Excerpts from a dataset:
--------------------

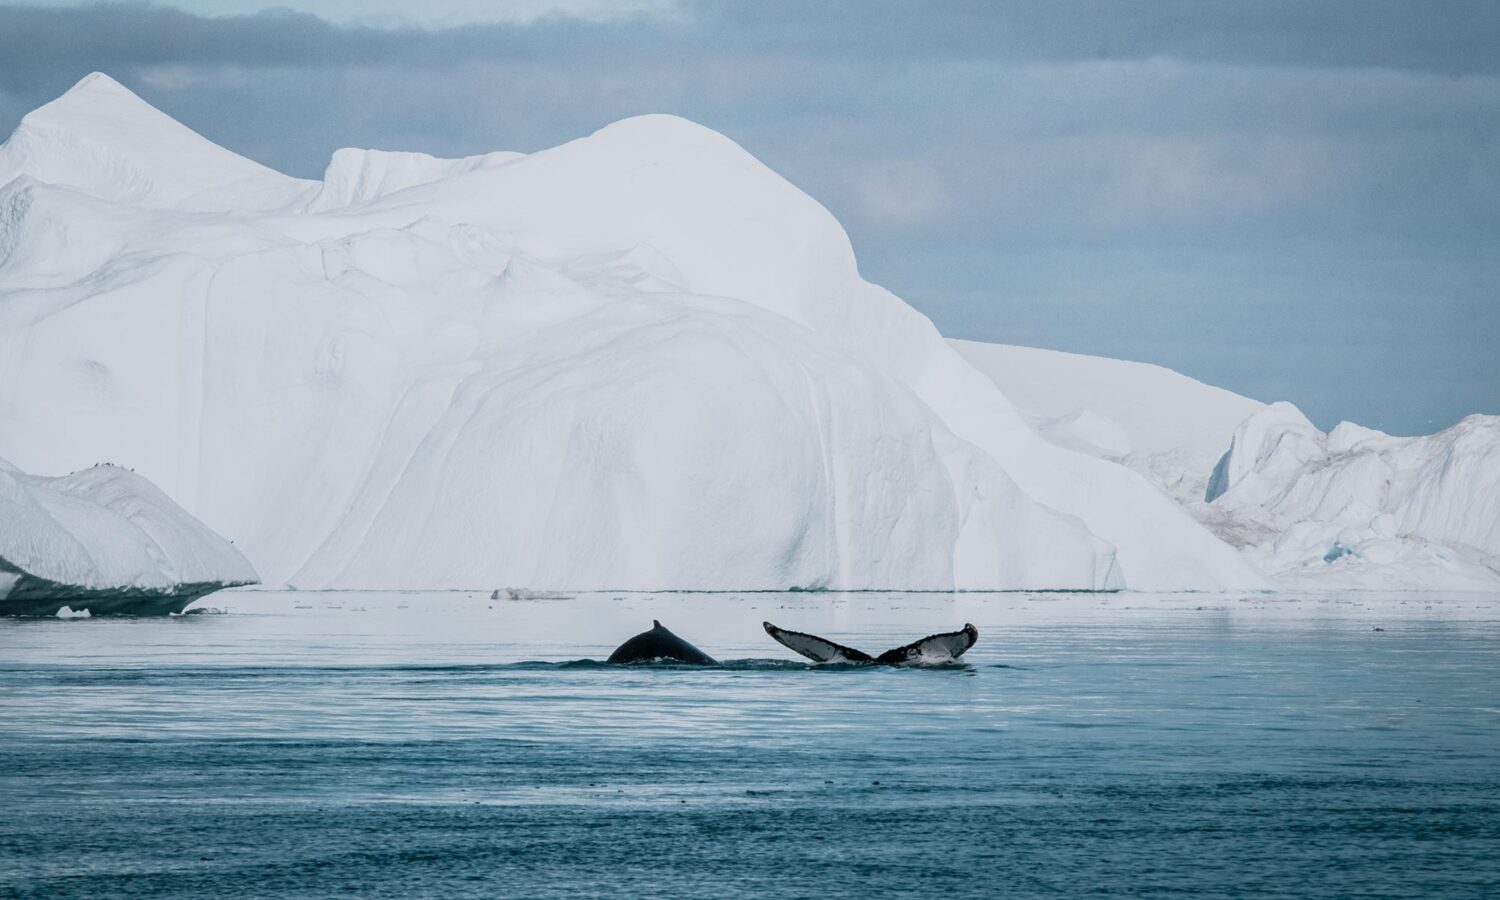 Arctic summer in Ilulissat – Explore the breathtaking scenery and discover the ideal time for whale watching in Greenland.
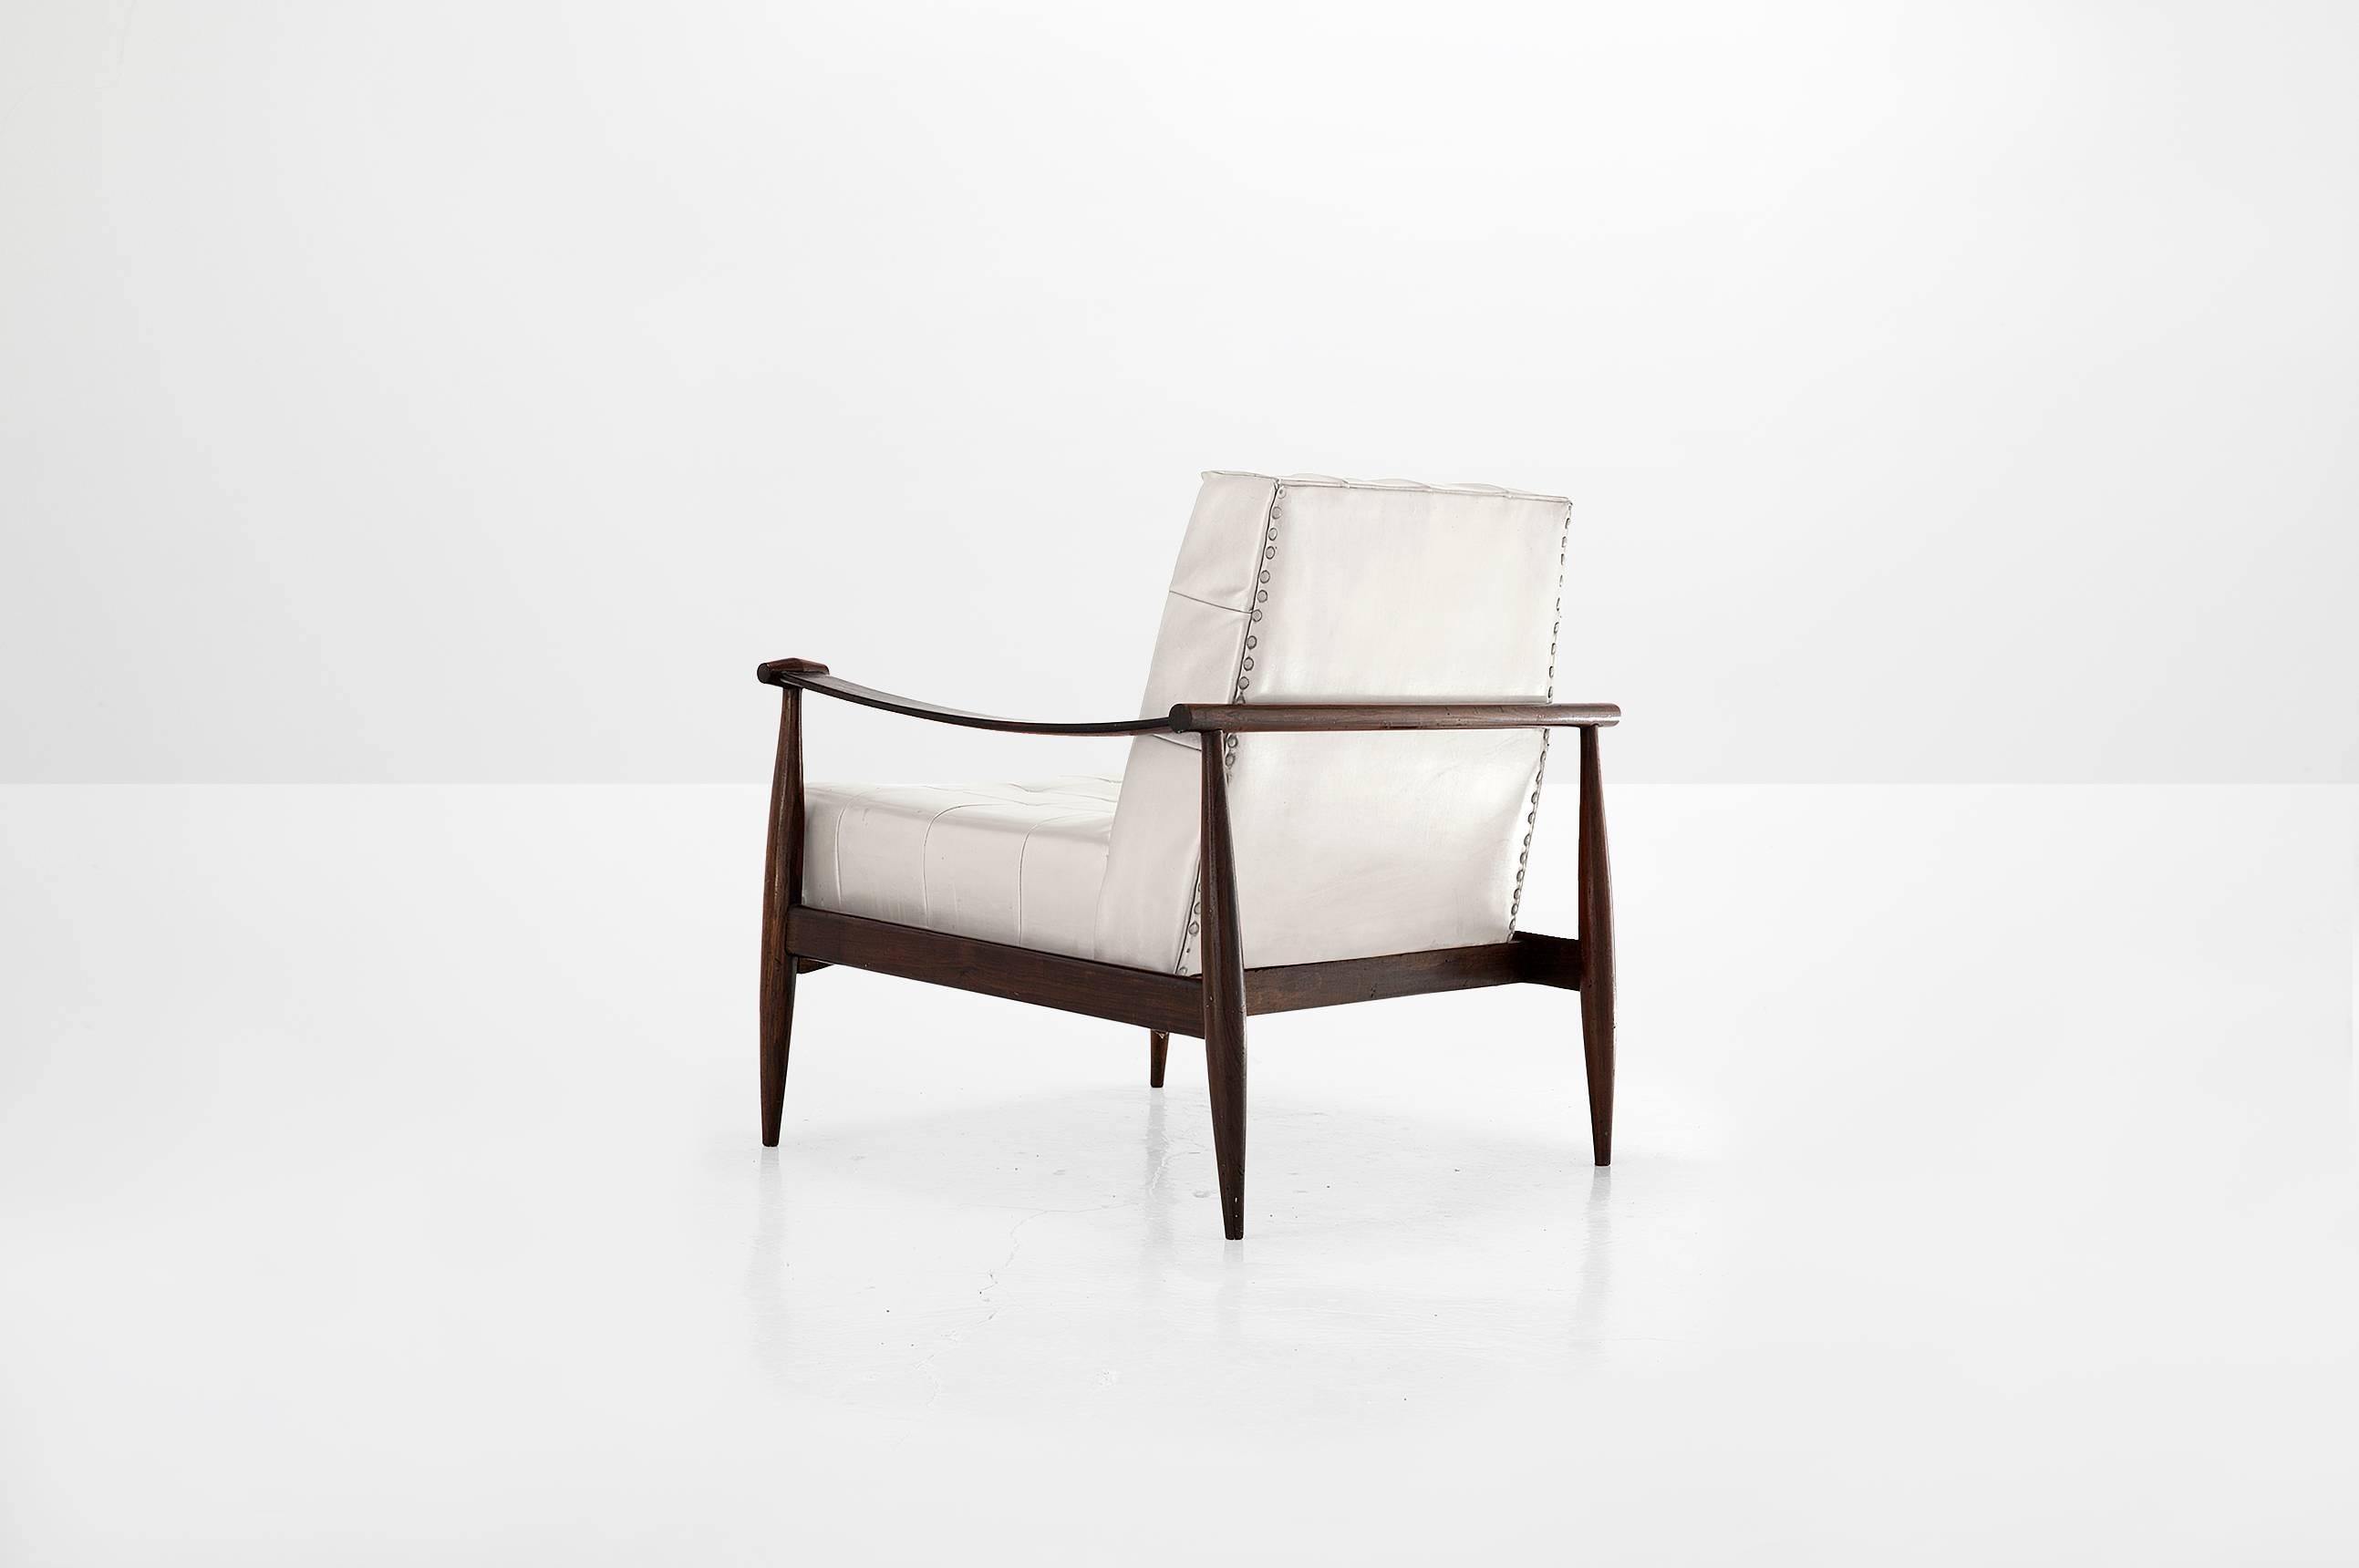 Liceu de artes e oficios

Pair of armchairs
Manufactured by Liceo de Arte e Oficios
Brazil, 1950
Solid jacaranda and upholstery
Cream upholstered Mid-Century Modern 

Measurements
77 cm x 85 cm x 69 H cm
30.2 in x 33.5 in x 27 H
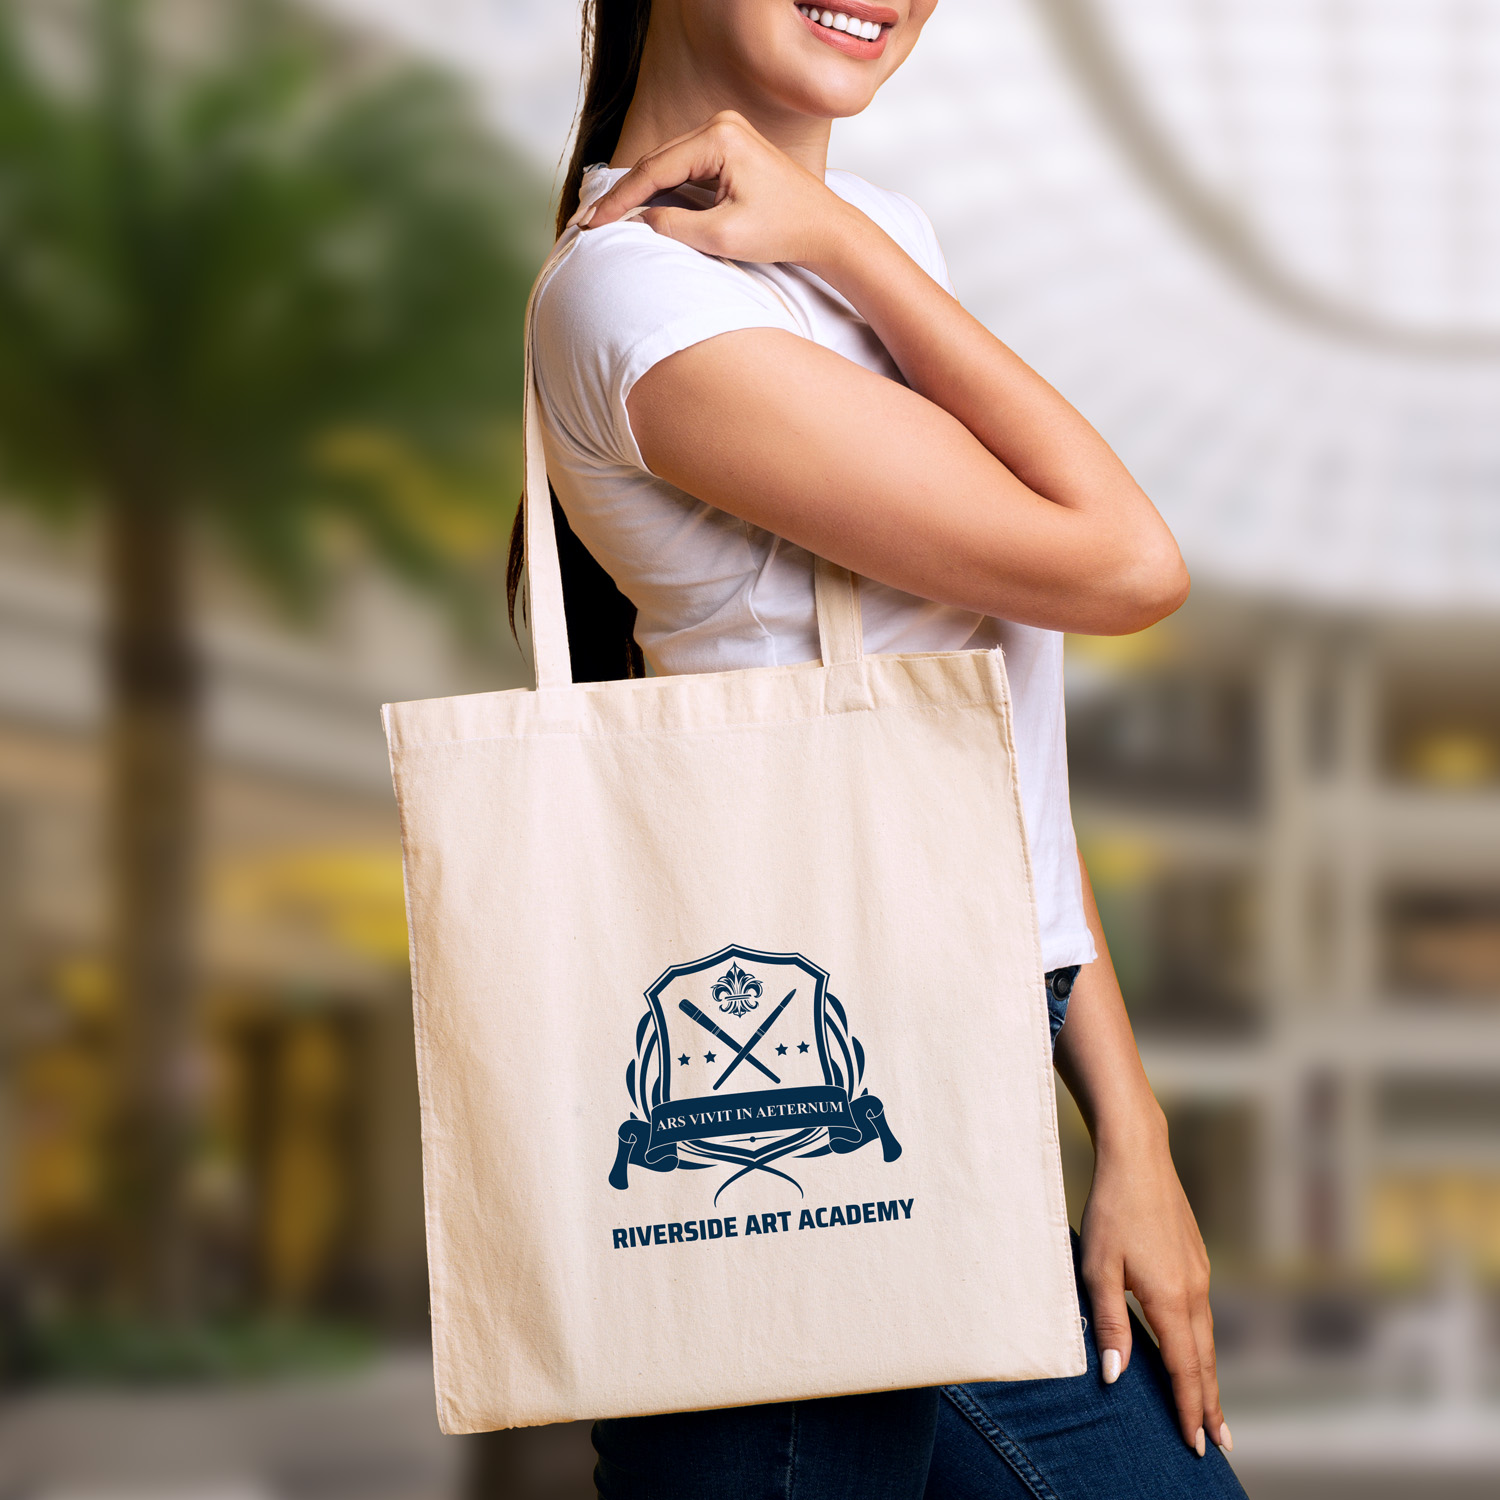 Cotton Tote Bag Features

--------------------

_Work to be completed_
Give back exactly the lines from the one that contains "Solid jacaranda and upholstery" to the final line of the data above, both included, with all pictures removed.

_Output below_
Solid jacaranda and upholstery
Cream upholstered Mid-Century Modern 

Measurements
77 cm x 85 cm x 69 H cm
30.2 in x 33.5 in x 27 H
 Cotton Tote Bag Features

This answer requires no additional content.